Records from a collection
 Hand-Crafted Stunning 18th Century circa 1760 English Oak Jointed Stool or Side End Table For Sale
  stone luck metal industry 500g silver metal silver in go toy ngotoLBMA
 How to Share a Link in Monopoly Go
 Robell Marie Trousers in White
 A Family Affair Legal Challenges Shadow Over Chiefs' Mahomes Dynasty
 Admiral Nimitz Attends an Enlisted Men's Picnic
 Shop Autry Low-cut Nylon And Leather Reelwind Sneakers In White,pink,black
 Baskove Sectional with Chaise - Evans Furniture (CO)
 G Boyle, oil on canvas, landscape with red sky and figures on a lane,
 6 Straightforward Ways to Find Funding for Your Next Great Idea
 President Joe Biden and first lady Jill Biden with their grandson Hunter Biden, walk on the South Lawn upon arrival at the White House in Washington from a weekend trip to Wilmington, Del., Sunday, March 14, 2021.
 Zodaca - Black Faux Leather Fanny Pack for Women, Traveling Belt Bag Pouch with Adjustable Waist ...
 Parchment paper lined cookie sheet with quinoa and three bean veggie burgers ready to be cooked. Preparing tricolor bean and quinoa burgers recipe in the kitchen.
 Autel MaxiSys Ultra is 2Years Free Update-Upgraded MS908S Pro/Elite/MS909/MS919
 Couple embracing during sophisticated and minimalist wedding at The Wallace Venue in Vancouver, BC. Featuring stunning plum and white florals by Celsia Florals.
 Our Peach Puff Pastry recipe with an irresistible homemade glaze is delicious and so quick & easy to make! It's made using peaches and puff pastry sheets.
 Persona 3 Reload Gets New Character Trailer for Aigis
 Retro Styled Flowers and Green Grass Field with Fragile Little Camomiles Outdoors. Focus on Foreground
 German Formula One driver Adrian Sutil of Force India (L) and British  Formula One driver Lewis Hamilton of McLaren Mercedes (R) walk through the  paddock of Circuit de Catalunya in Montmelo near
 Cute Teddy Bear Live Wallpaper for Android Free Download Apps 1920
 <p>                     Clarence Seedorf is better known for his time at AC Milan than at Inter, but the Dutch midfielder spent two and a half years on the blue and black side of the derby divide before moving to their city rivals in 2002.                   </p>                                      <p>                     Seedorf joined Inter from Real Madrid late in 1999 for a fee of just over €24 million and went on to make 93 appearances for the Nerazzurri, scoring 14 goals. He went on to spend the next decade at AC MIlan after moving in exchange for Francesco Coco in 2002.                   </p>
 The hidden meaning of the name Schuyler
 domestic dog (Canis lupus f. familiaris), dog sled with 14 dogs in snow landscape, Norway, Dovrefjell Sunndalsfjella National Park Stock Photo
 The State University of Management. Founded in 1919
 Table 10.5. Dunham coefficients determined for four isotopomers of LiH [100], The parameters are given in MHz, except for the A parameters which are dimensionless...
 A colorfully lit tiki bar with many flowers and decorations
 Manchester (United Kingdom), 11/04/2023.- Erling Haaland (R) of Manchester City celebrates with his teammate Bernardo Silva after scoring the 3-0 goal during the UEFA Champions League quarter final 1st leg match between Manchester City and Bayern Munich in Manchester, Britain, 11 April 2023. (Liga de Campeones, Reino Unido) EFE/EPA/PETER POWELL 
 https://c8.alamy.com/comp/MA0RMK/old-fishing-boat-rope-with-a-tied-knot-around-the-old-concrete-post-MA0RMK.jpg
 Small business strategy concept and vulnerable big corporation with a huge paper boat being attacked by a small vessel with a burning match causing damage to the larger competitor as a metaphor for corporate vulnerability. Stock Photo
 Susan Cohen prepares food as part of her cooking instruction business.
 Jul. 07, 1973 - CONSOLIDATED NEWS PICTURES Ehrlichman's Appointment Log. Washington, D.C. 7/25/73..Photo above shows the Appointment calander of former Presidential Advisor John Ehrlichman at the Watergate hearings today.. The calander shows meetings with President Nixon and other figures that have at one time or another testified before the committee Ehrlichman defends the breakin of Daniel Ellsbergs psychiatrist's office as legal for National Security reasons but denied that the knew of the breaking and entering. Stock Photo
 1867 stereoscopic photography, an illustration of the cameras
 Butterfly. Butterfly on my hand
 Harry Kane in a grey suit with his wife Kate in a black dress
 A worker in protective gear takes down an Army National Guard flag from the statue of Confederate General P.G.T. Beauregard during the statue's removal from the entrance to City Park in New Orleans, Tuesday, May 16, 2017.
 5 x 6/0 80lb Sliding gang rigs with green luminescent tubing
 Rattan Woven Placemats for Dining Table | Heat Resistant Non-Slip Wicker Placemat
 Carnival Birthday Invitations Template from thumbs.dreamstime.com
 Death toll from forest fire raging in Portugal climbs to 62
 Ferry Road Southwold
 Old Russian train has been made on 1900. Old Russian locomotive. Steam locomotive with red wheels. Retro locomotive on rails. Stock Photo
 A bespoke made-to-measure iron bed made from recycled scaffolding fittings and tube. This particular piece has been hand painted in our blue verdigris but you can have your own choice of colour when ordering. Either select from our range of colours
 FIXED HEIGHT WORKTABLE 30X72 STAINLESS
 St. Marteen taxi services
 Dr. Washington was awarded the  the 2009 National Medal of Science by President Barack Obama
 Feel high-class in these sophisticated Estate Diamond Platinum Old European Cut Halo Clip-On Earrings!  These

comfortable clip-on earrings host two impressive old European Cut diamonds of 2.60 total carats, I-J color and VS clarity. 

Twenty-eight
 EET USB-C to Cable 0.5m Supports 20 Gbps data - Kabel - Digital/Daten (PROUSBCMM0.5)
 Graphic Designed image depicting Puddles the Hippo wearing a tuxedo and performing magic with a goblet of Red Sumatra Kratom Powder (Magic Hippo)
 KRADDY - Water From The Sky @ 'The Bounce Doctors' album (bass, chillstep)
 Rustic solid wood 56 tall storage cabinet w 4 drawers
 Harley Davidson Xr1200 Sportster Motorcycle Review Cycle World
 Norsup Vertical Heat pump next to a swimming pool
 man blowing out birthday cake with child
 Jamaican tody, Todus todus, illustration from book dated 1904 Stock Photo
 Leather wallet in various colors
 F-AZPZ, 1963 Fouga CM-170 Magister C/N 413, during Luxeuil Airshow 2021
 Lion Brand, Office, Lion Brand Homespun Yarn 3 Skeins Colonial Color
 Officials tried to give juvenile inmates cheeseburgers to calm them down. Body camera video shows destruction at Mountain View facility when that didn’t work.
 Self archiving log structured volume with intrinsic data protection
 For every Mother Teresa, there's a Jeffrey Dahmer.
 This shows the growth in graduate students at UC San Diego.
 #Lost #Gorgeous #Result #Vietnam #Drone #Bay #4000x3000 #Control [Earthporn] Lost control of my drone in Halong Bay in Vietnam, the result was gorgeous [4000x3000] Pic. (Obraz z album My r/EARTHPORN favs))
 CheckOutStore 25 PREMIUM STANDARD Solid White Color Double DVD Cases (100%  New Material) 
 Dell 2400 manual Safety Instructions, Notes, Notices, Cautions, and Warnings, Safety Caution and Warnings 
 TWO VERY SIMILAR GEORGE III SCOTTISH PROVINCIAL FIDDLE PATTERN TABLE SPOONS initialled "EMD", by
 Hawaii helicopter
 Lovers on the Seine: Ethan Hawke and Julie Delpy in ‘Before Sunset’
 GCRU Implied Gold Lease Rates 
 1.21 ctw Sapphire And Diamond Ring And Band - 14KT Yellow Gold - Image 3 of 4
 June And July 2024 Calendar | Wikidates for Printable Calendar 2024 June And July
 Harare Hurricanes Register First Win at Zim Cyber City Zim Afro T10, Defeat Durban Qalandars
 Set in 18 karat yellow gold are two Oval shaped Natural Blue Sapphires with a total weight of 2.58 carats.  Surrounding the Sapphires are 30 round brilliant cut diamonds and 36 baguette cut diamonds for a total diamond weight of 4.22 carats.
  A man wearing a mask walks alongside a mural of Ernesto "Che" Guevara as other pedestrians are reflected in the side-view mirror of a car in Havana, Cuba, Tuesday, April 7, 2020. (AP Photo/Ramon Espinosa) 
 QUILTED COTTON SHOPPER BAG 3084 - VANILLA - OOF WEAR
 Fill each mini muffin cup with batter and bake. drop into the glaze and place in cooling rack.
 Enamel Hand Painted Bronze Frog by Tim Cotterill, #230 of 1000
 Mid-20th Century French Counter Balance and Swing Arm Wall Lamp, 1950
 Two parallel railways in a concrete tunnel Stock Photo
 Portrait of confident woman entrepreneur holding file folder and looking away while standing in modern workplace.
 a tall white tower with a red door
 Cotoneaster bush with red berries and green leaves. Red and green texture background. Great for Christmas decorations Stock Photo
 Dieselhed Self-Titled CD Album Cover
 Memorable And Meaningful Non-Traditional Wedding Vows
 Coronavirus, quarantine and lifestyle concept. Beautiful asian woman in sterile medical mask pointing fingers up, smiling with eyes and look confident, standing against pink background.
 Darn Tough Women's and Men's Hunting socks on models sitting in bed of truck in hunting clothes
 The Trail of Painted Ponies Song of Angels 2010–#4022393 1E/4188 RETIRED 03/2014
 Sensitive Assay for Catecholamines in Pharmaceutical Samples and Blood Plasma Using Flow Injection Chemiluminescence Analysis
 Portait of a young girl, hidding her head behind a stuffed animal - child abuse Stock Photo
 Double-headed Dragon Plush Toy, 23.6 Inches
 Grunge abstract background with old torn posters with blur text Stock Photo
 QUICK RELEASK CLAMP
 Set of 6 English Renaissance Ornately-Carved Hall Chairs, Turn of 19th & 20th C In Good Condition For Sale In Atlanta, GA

Aim of the exercise: Give back the records word for word. Start at the first line, end at the line containing "Robell Marie Trousers in White", and include both.

Exercise solution:
 Hand-Crafted Stunning 18th Century circa 1760 English Oak Jointed Stool or Side End Table For Sale
  stone luck metal industry 500g silver metal silver in go toy ngotoLBMA
 How to Share a Link in Monopoly Go
 Robell Marie Trousers in White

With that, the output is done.